5 Citations (Scopus)

Abstract

Elbow injuries in the pediatric athlete are common. Elbow injuries result from macrotrauma or microtrauma. Examples of macrotrauma include elbow dislocations and medial epicondyle fractures. Examples of microtrauma or repetitive overuse injuries include medial epicondyle apophysitis and osteochondritis dissecans of the capitellum. Elbow injuries occur in patterns unique to the skeletally immature patient.
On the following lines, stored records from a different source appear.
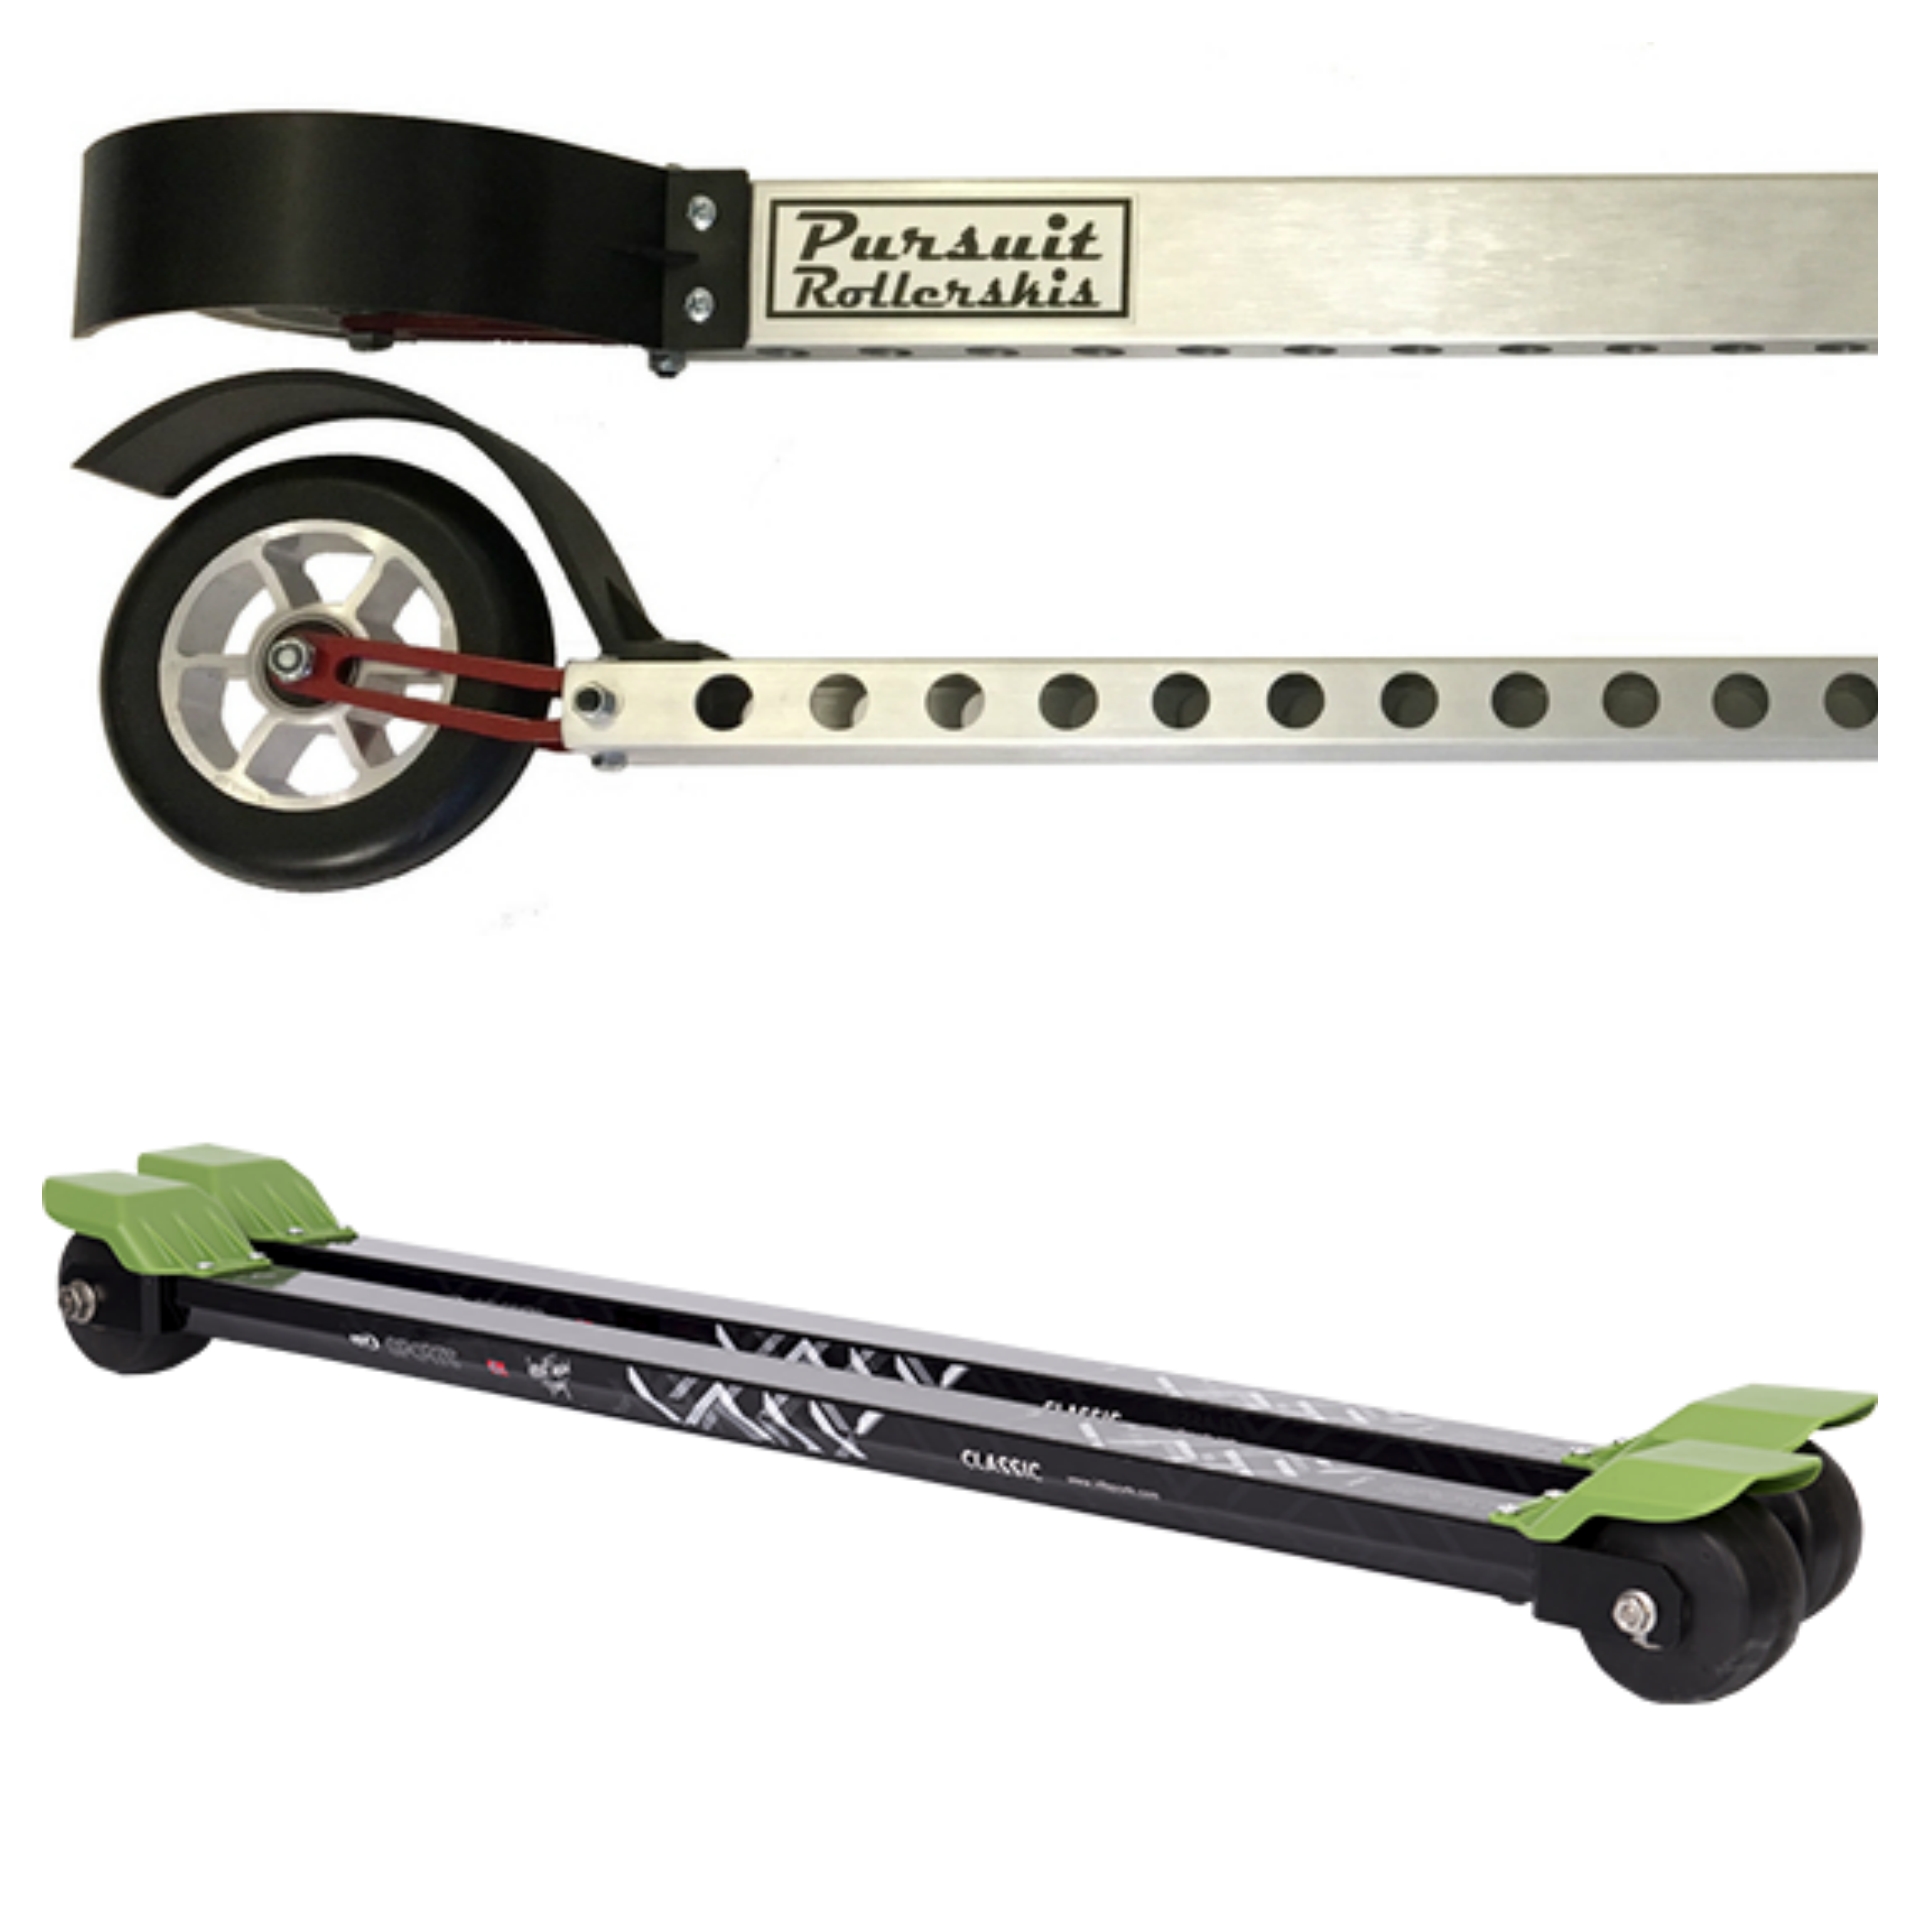 Pursuit Fork Flex Roller Skis (top) and IDT Classic Elite Rollerskis, FBD pick for $250+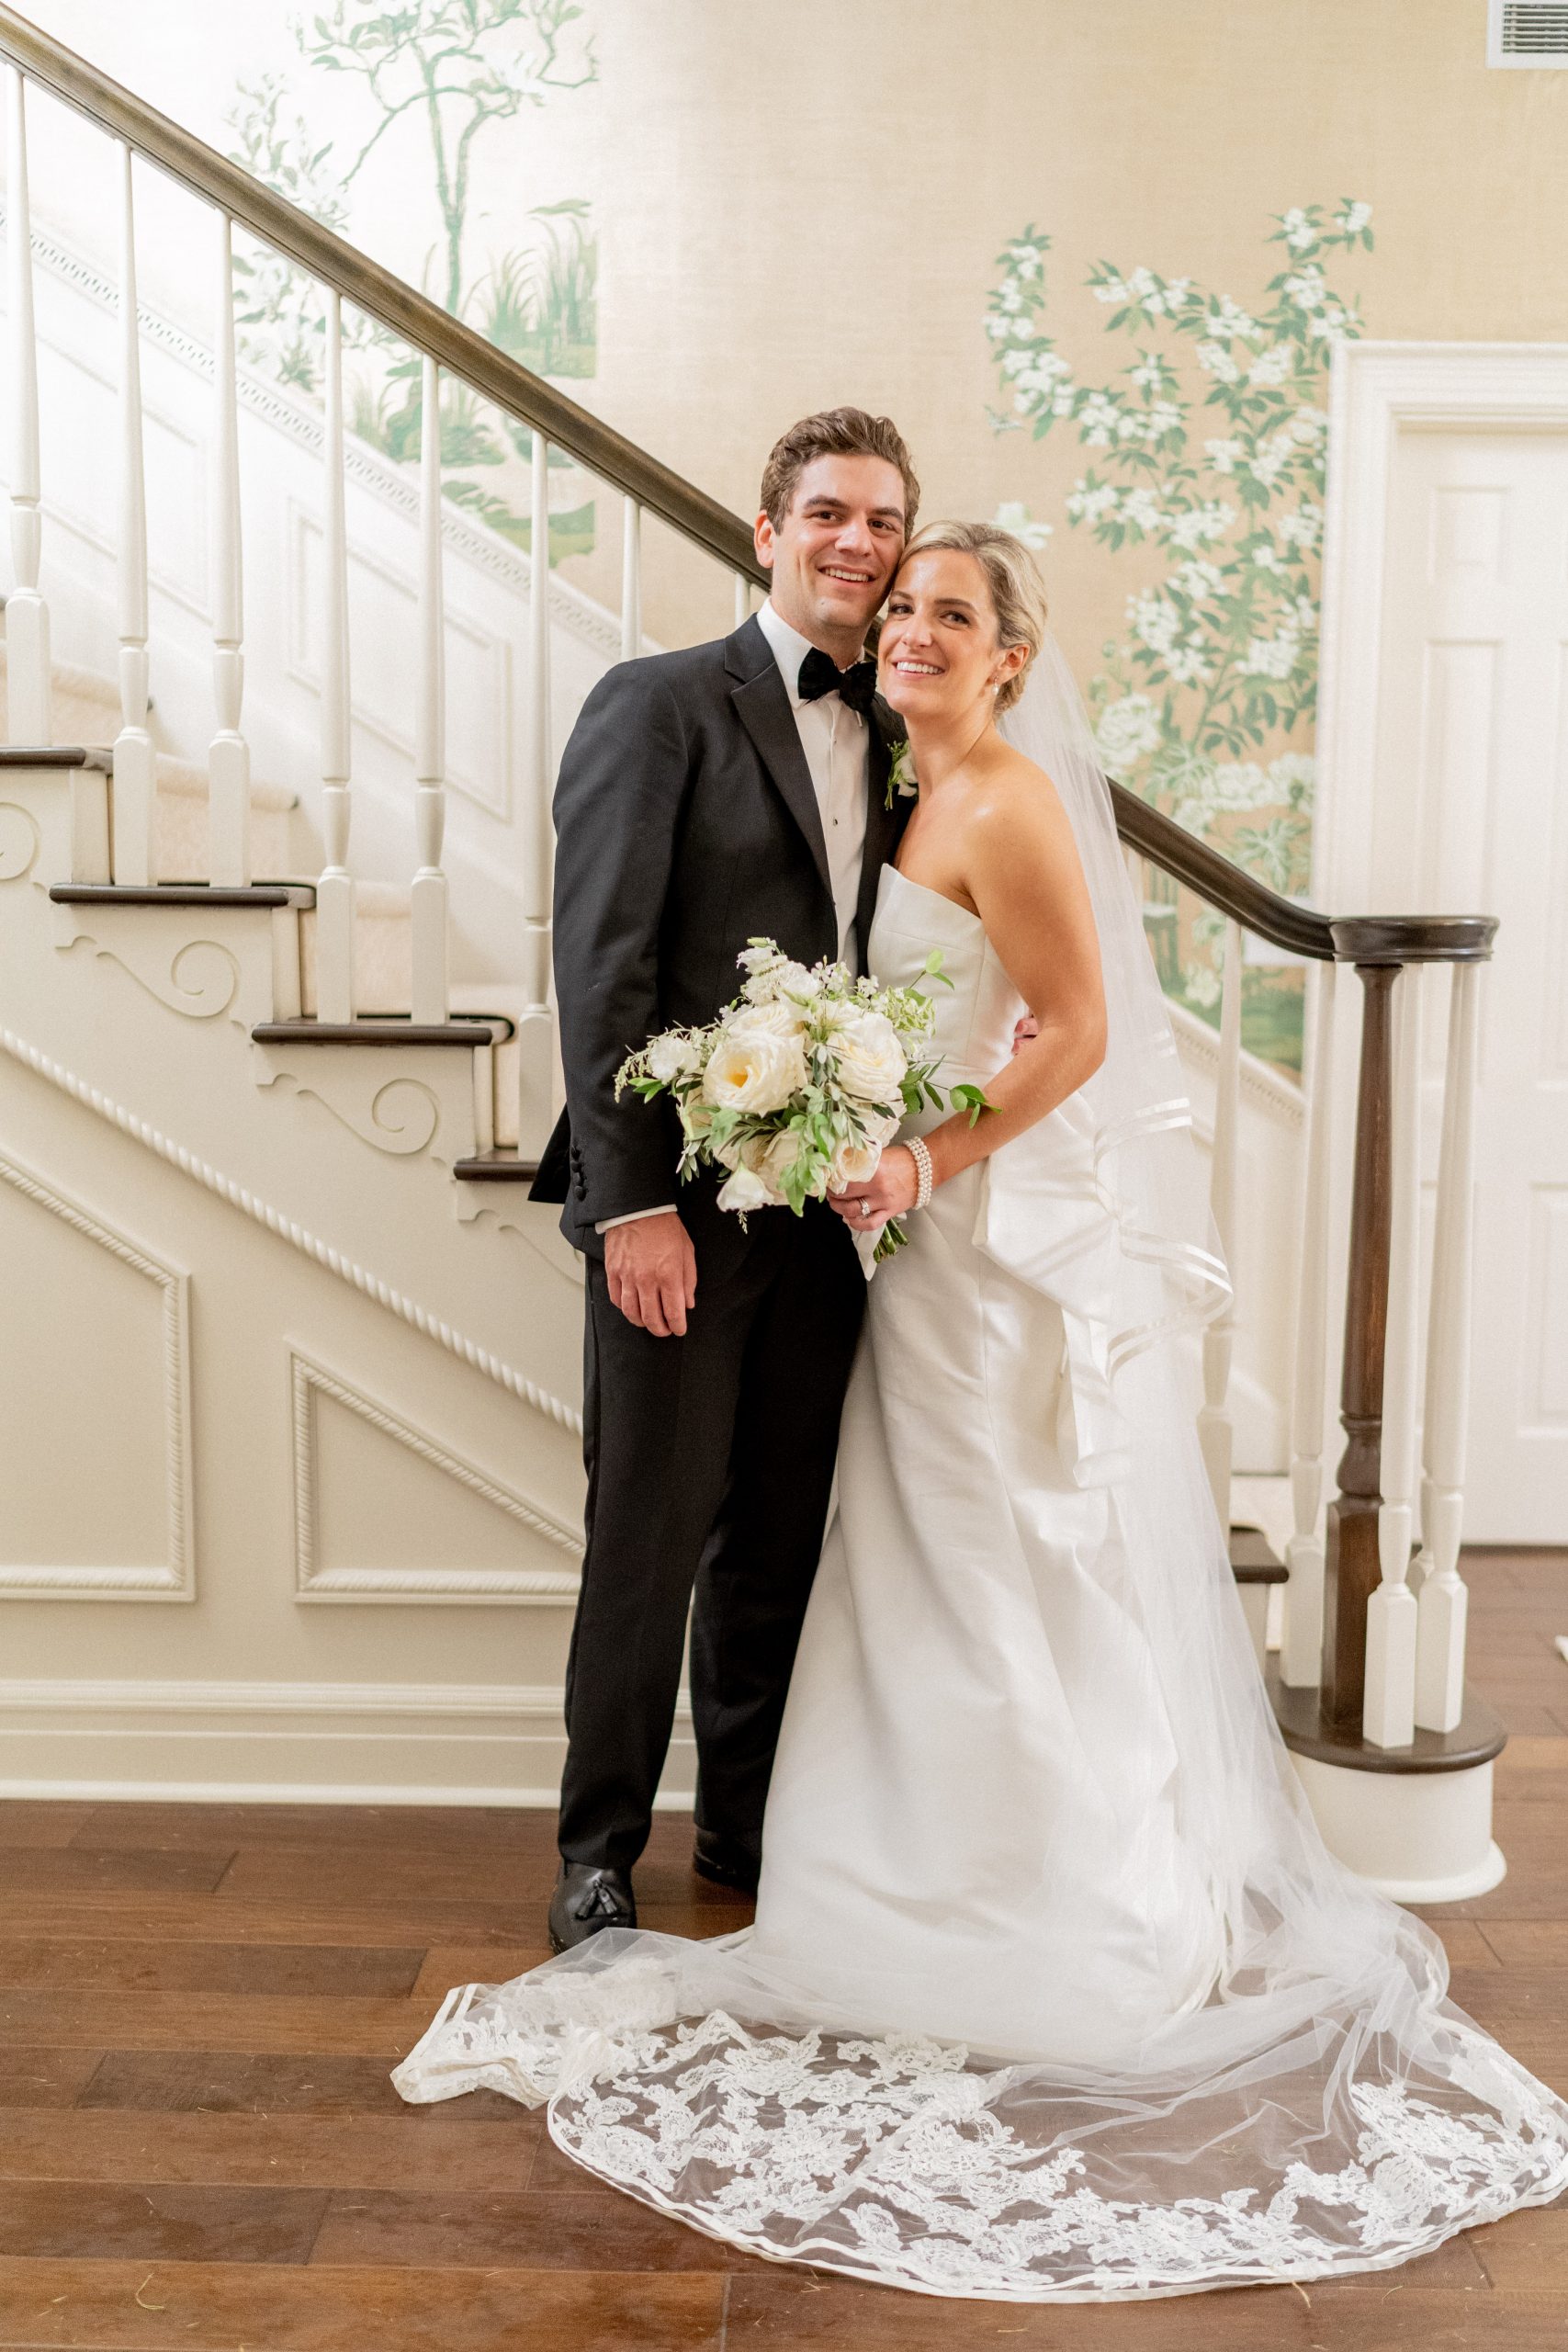 Burgess and John, both from Columbia, began dating in the 10th grade at Heathwood Hall Episcopal School and remained together for more than a decade until their long-awaited wedding day.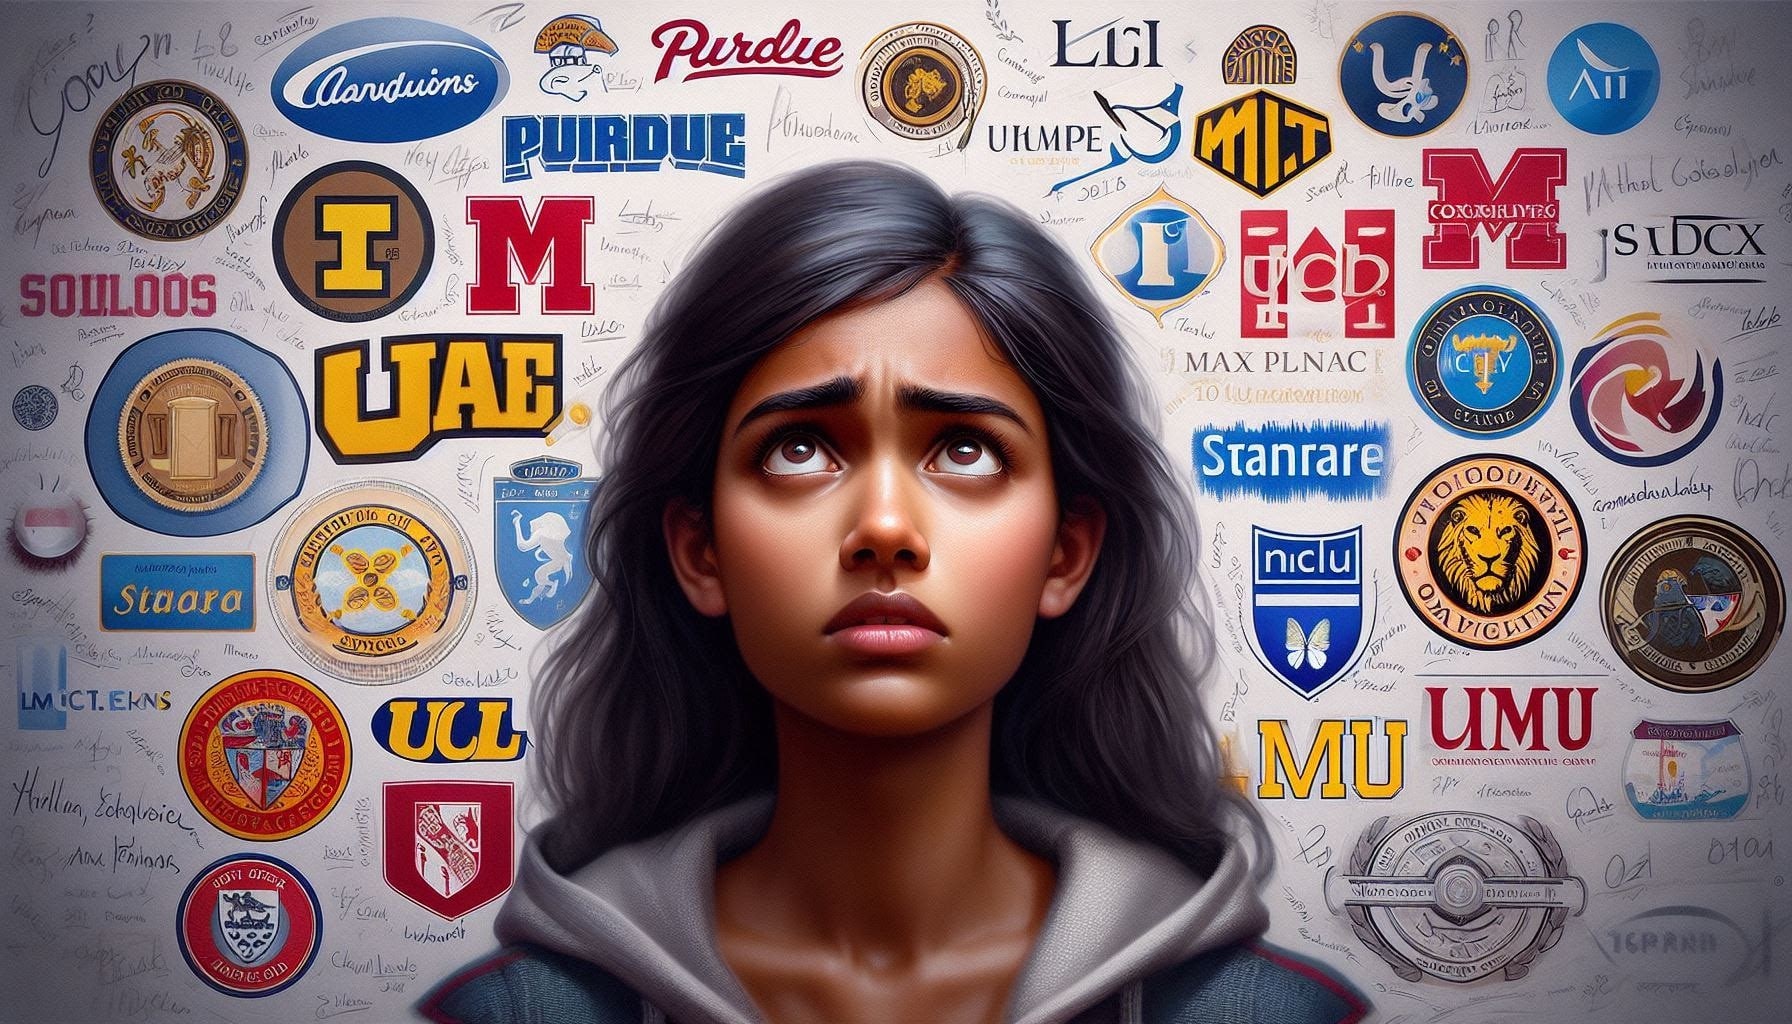 How to Choose PhD Program Right for You. an image with a girl of Indian origin in the center, surrounded by the logos of Purdue, MIT, UCLA, Stanford, Cambridge, Oxford, UCL, LMU, Max Planck, and others. She has an expression of confusion and deep thought, just as you requested.

For example, lateral sided disorders of the elbow such as Panner's disease and osteochondritis dissecans of the capitellum result from compressive forces on the elbow whereas medial-sided elbow injuries, including medial epicondyle apophysitis, medial epicondyle avulsion fracture, and ulnar collateral ligament tears, result from tension forces on the elbow. Excessive baseball throwing causes many microtrauma overuse elbow injuries. In addition, the trend for young throwing athletes to train year round in only one sport also increases the risk of overuse injury. Prompt recognition and treatment of elbow injuries in the young athlete is key to prevent potential long-term disability and deformity. Unfortunately, in some cases, surgical treatment of elbow injuries in the young athlete is only palliative.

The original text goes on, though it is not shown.